Una lunga conversazione che attraversa due grandi temi del dibattito pubblico contemporaneo: il caso ILVA e la narrativa dominante sul cambiamento climatico, analizzati attraverso la lente delle evidenze scientifiche e dei limiti – spesso ignorati – degli studi epidemiologici e climatici utilizzati per sostenere decisioni politiche drastiche.

Nella prima parte dell’intervista Battaglia sposta lo sguardo sulle imminenti conferenze ONU sul clima, definendole un fenomeno politico più che scientifico: una sorta di “secondo carnevale”, quest’anno ospitato a Belém, in Brasile.

Secondo Battaglia:

  • Da 30 anni le COP inseguono l’idea di controllare il clima riducendo la CO₂, ma le emissioni globali sono aumentate del 60%.
  • Il 2024 è stato un anno caldo, sì, ma per il forte evento El Niño, non per la concentrazione di CO₂.
  • Il riscaldamento degli oceani nel 2024 è stato di 0,037 °C, un valore fisicamente insignificante.
  • Il livello del mare cresce di 2–4 millimetri l’anno, trend stabile da decenni.
  • Ghiacci artici e antartici, copertura nevosa, frequenza di uragani e precipitazioni non mostrano variazioni preoccupanti.
  • Per Battaglia, pensare di “governare” un sistema complesso come il clima agendo su un singolo parametro è scientificamente illusorio.

Chiude con una provocazione: dopo trent’anni di incontri conclusi senza risultati, forse la COP31 sarà l’ultima.
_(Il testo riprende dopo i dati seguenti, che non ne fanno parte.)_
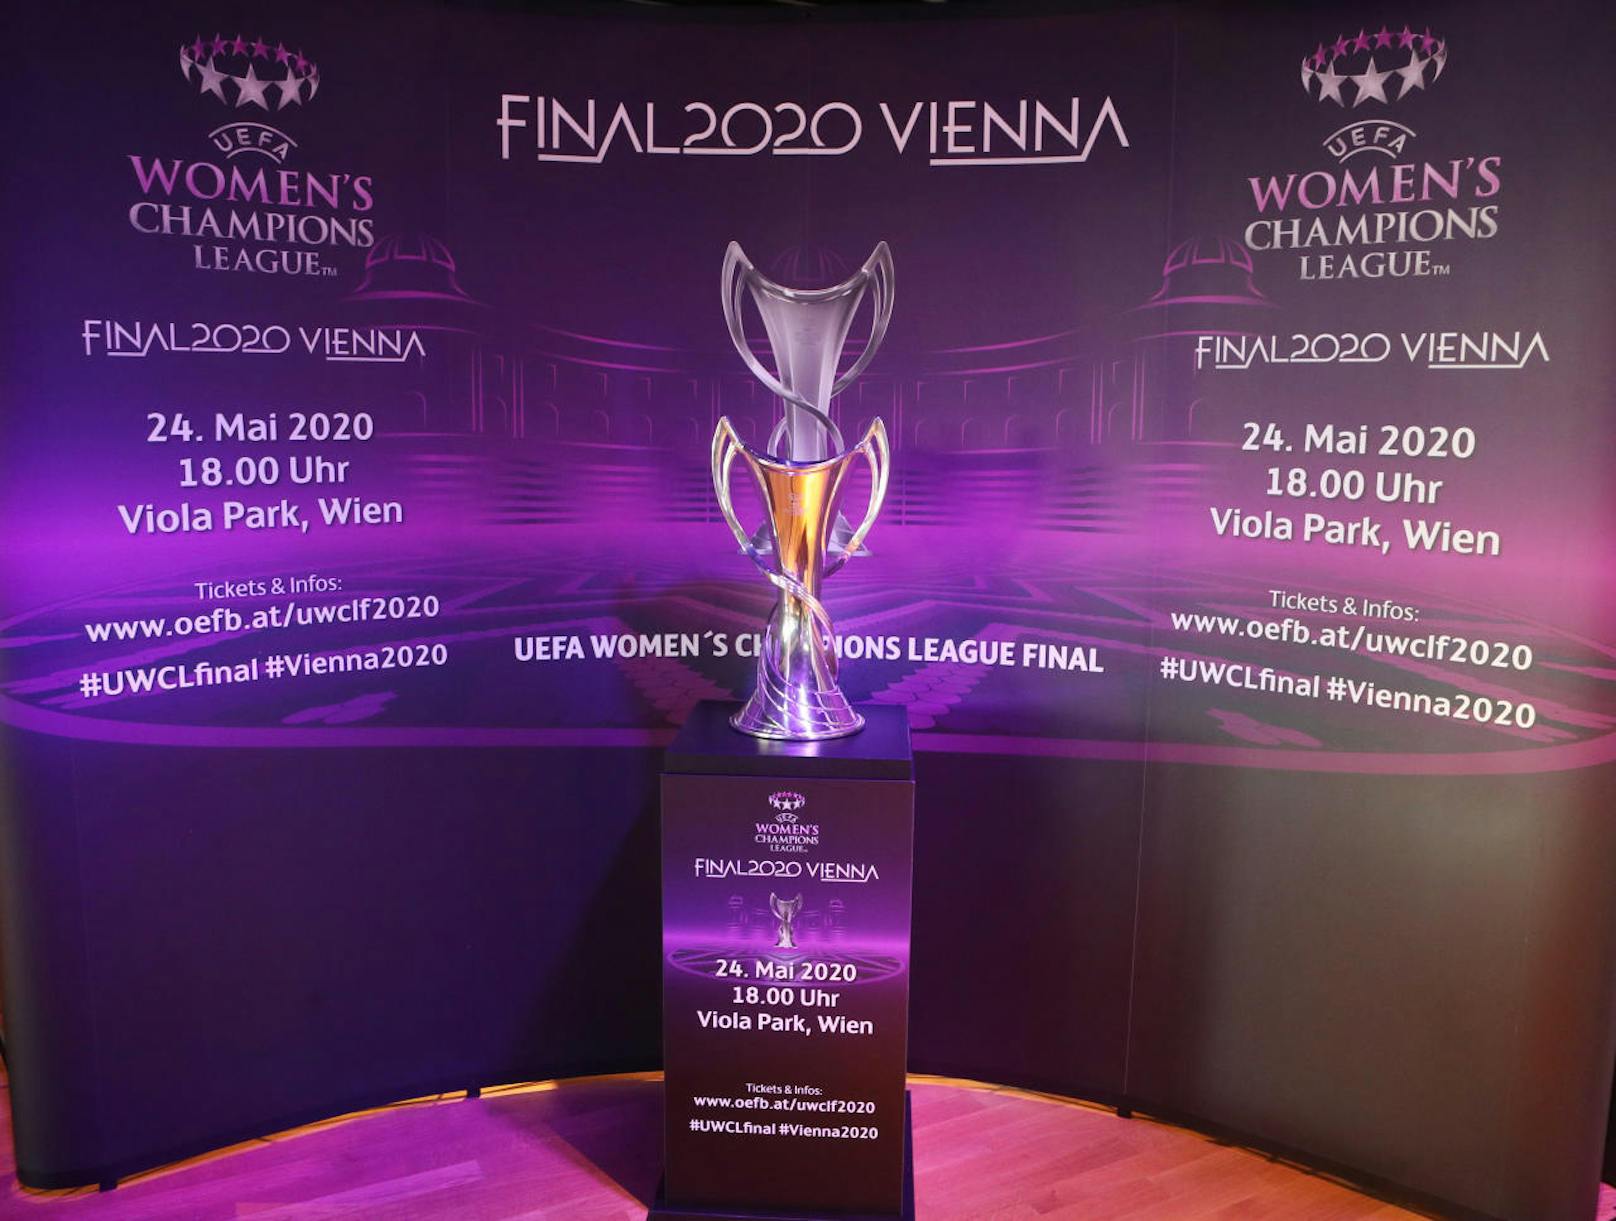 Das <b>Champions-League-Finale der Damen</b> findet am <b>24. Mai 2020 in Wien</b> statt, nämlich in der Generali Arena.

Battaglia, quindi ripercorre il 2012, anno in cui la procura sequestrò gli impianti dell’ILVA di Taranto ritenendoli responsabili di “emissioni oltre i limiti” e di un “eccesso significativo di mortalità”.
Ma – ricorda il professore – gli stessi magistrati ammettevano pubblicamente di non sapere se il provvedimento avesse una reale “valenza scientifica”.

Per Battaglia, il risultato finale è stato drammatico: la distruzione di un’eccellenza industriale italiana fondata su studi incerti, interpretazioni forzate e decisioni politiche che hanno dato più peso alla pressione mediatica che ai numeri.